Why is this a suspending scheduler? Well, the “build system” is requested to run the task baz.so. This task is represented by a Future returned from join_all(...).then(). Internally this generates a state machine that is going to wait on all the futures in the join. This is analogous to discovering that certain dependencies need to be built. join_all then suspends itself. It signals to the runtime that it cannot continue until these other tasks are done, so it shouldn’t be woken up until they are. The dependencies are now “present in the system” ³, and they get run to completion. Once they are done, the task resumes from the yield point and finishes itself!

A corollary of this is that the runtime will try to run as many futures (tasks) as it can. Try it! Time to make sure we don’t overload machines.

Constraining parallelism

Full code in the Rust playground

How would we impose a limit on how many tasks are running at the same time? Instead of just suspending until a task’s dependencies are ready, we could have the task stay suspended until we had the capacity to run it. We could imagine modeling this as a device that maintains some kind of shared counter. The counter has a maximum value. Each Future obtained from such a device would only be ready when there was capacity in the system. It would decrement the counter and return some handle which the task can use to indicate when it has finished running. That will increment the counter.

This sounds very much like a semaphore from thread-based parallelism. Indeed, tokio does provide a Semaphore that behaves exactly like this. It also uses some Rust idioms to make it impossible to mis-use.

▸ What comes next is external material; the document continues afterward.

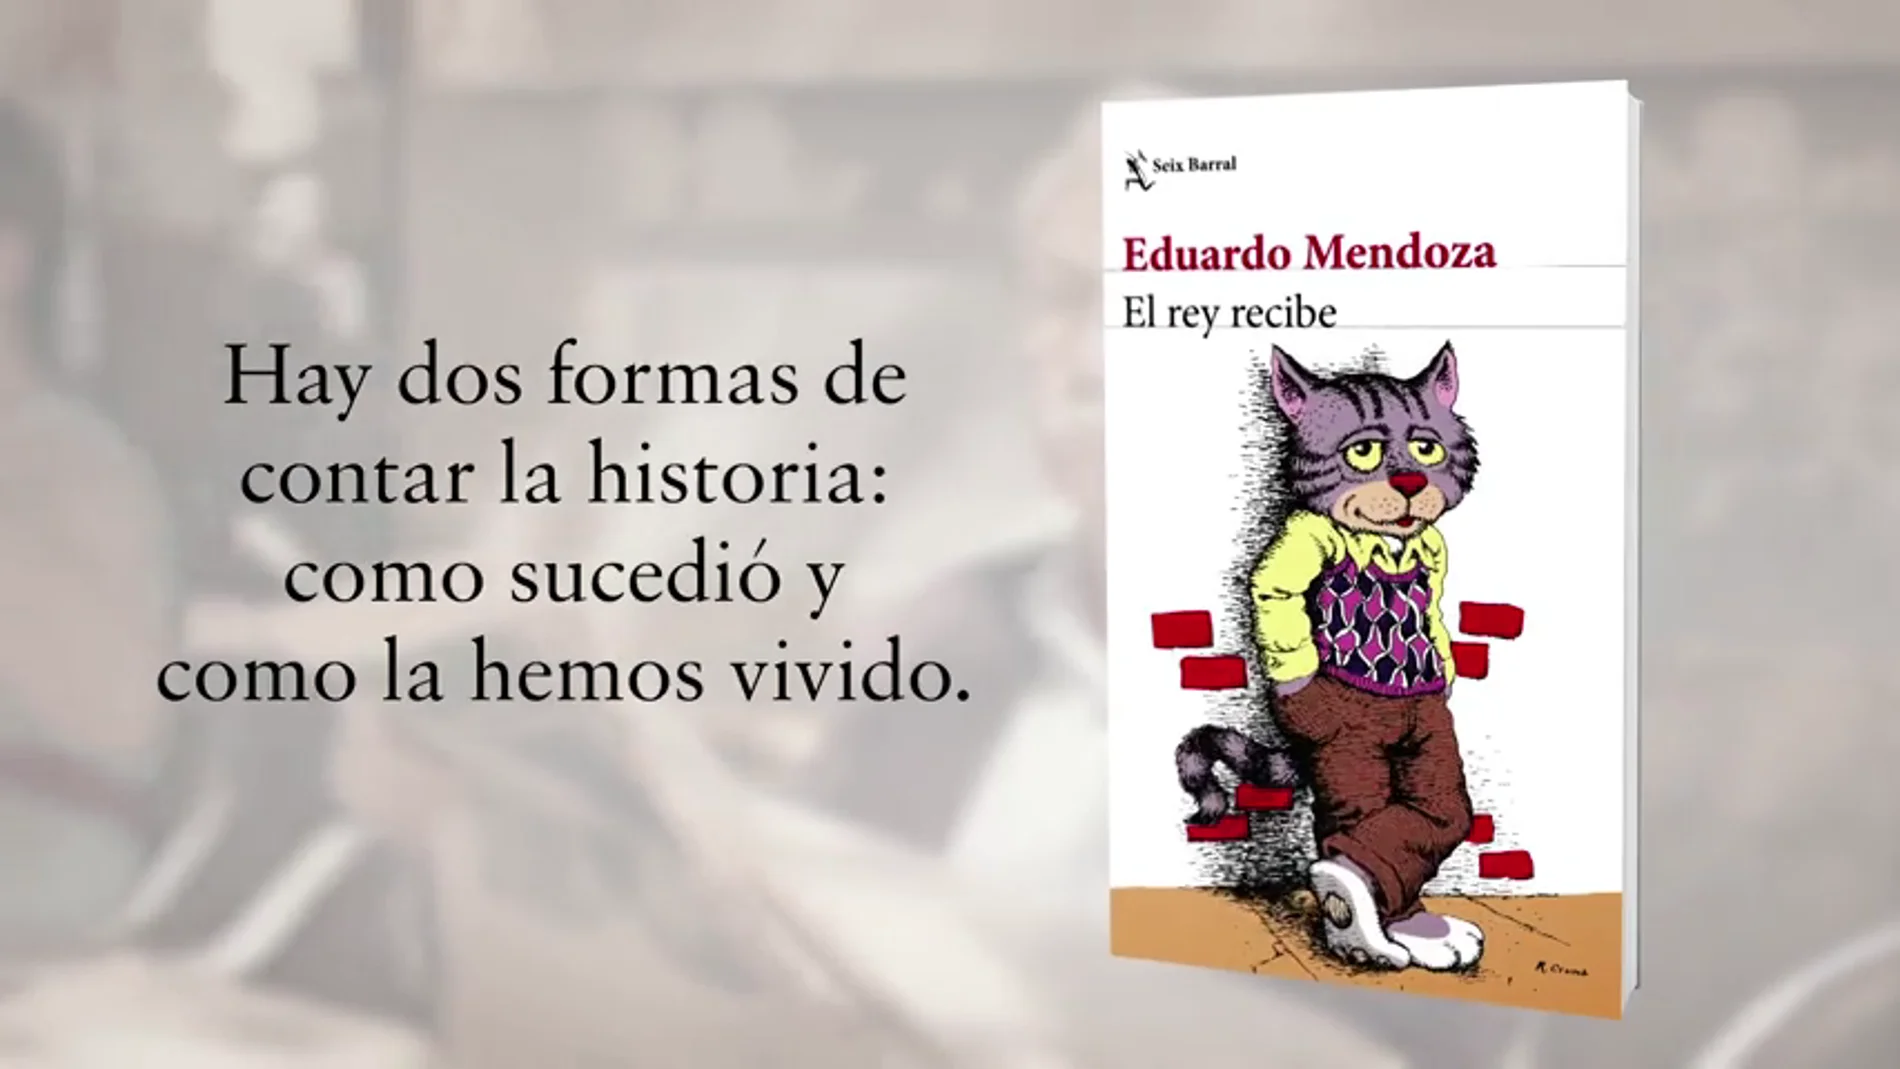 Eduardo Mendoza comienza una trilogía sobre sus vivencias en 'El rey recibe'

First, let’s introduce a few new tasks so we can actually observe the semaphore in action.

let iter = (0..3).map(|i| command!(format!("sleep 1 && echo doc{}.html", i)));
let docs = join_all(iter)
    .then(|_| command!("echo toc.html"))
    .boxed_local();
...
targets.push(docs);

We have now started shipping documentation along with our library and we want to build it as a collection of HTML pages with a Table of Contents (TOC). The TOC naturally depends on all the pages.

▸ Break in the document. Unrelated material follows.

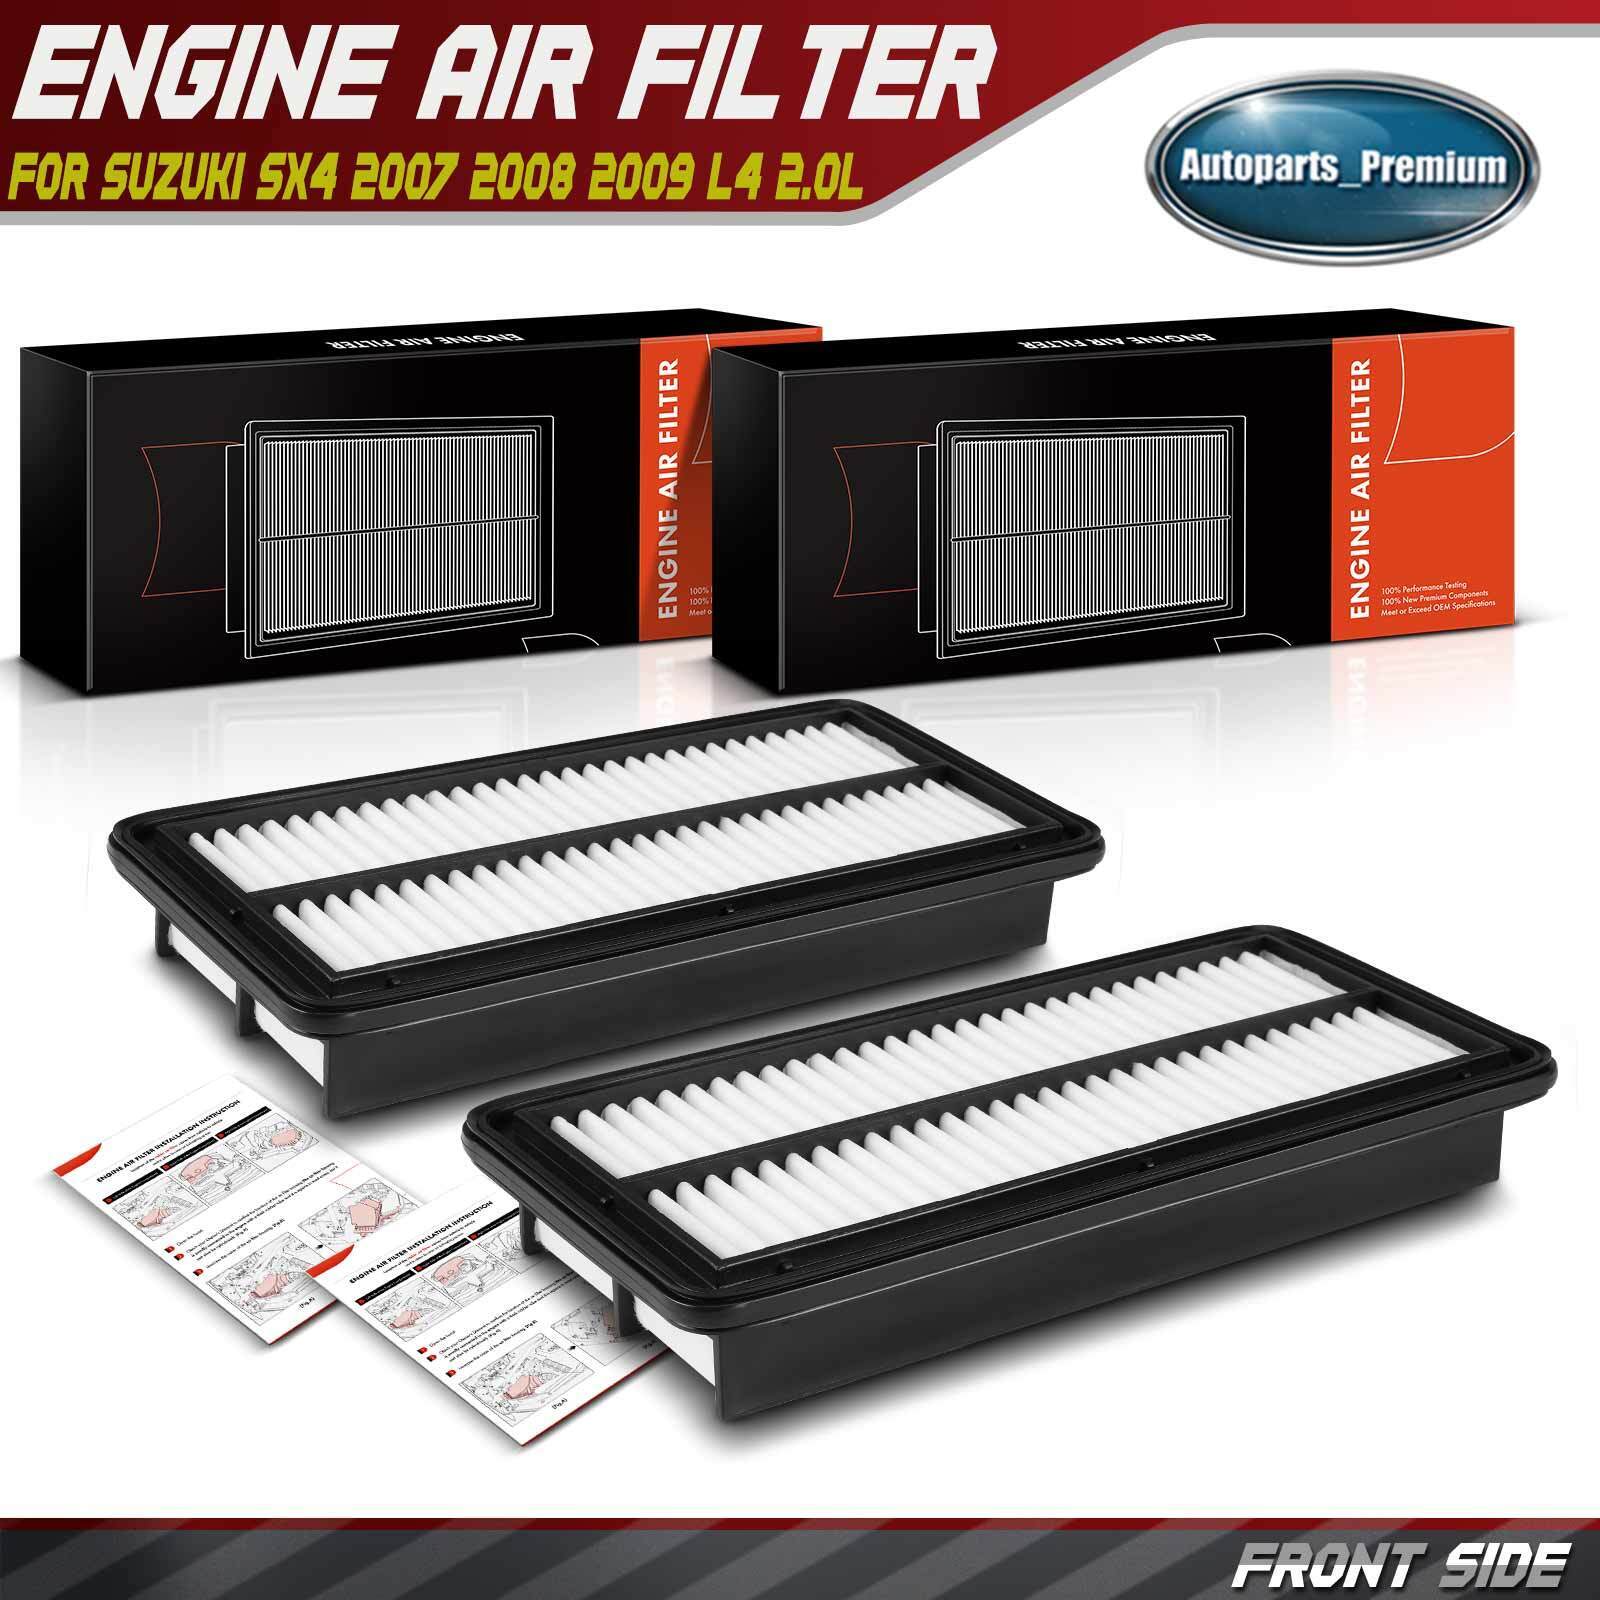 2x New Engine Air Filter for Suzuki SX4 2007 2008 2009 L4 2.0L 1378080J00 Rigid

Then we can introduce a semaphore (this is the tokio Semaphore and not std::sync::Semaphore):

let sem = Semaphore::new(2);

This introduces a max parallelism of 2. Now, we need to tweak the async fn run_command() to await on the semaphore before starting command execution.

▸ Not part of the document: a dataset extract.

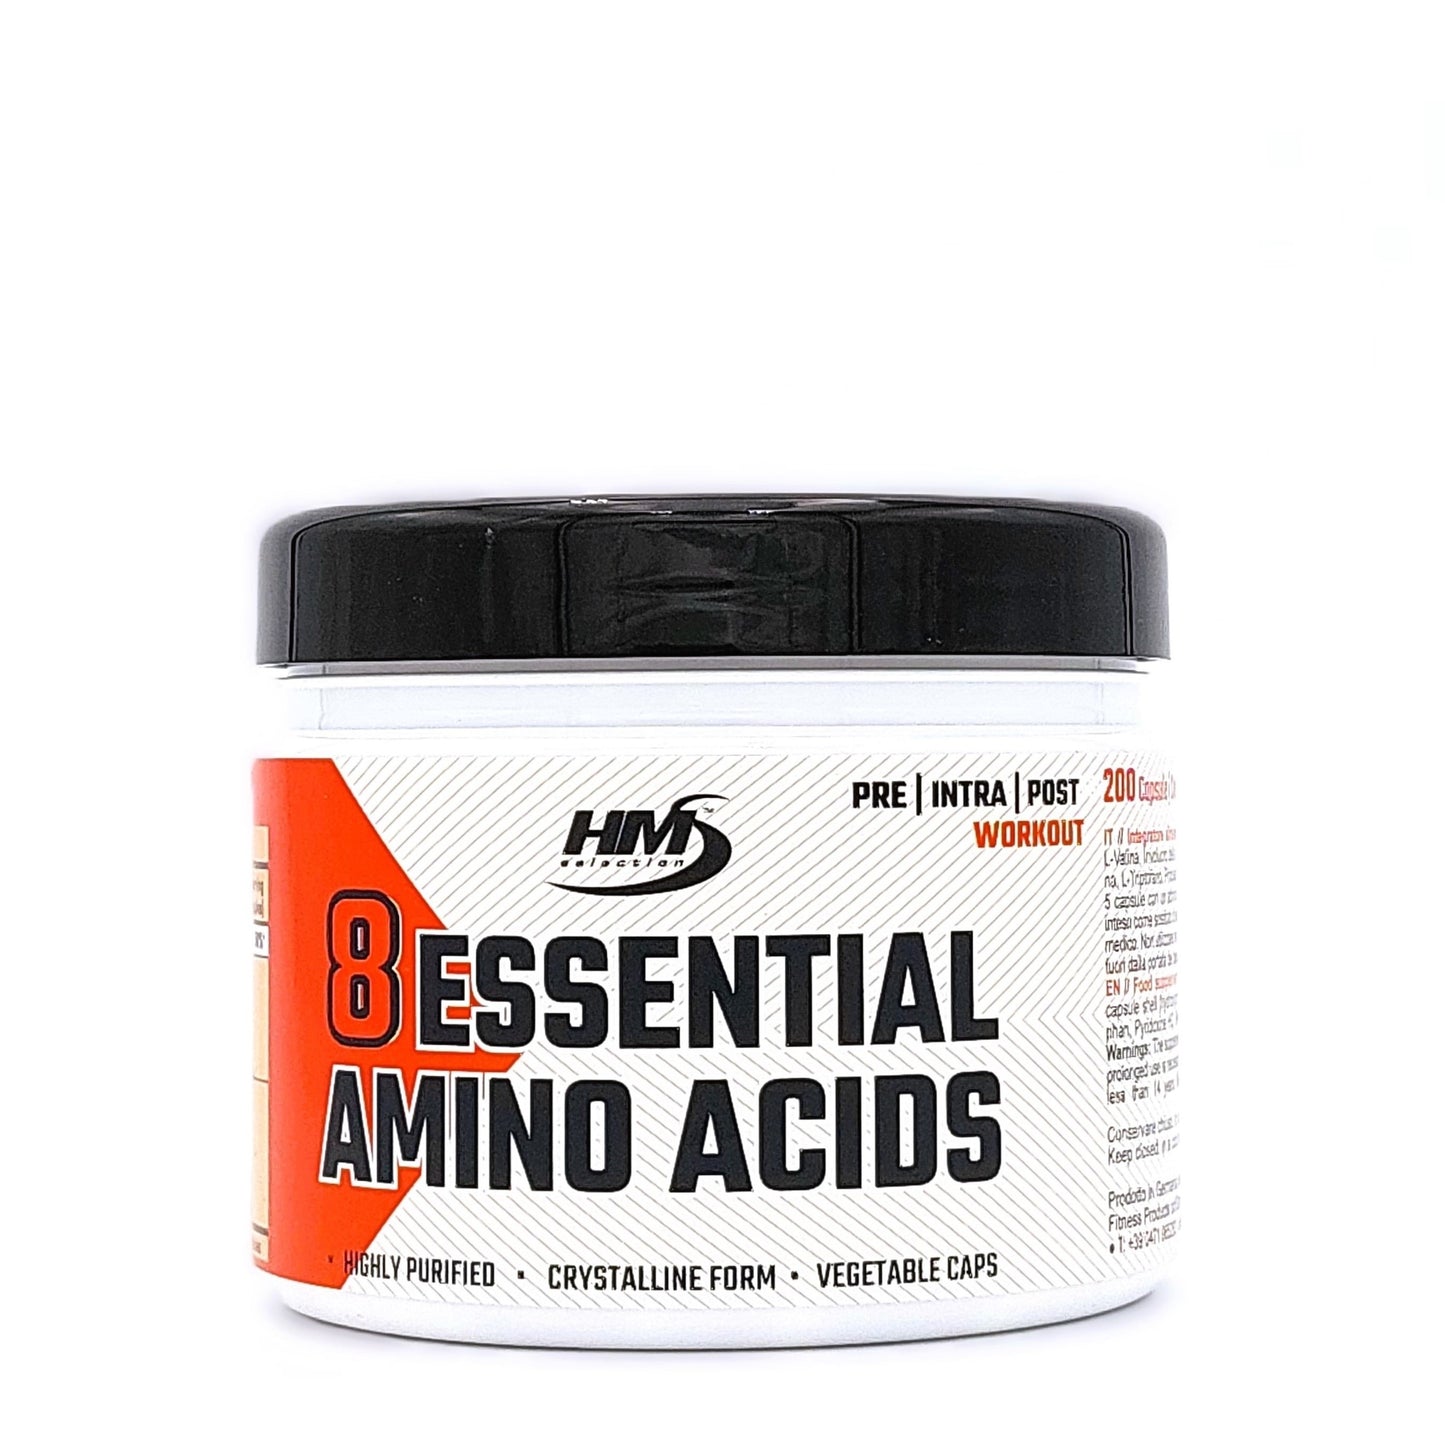 8 Essential Amino Acids, 200 Kapseln - Nahrungsergänzungsmittel mit essentiellen Aminosäuren und Vitamin B6

async fn run_command<S: Into<String>>(
    sem: &Semaphore,
    cmdstr: S,
) -> Result<std::process::ExitStatus, std::io::Error> {
    let _p = sem.acquire().await;
    let str: String = cmdstr.into();
    let mut c = command(&str);
    println!("Starting '{}'", &str);
    let result = c.status().await;
    println!("Done '{}'", &str);
    result
}

acquire() returns a Future that will resolve when capacity is available. It will return a SemaphorePermit, which will increment the capacity again when it is dropped at the end of the scope ⁴.

We also tweak the command! macro to pass the semaphore to run_command()⁵, as well as doing some boxing of the link future. See the full example.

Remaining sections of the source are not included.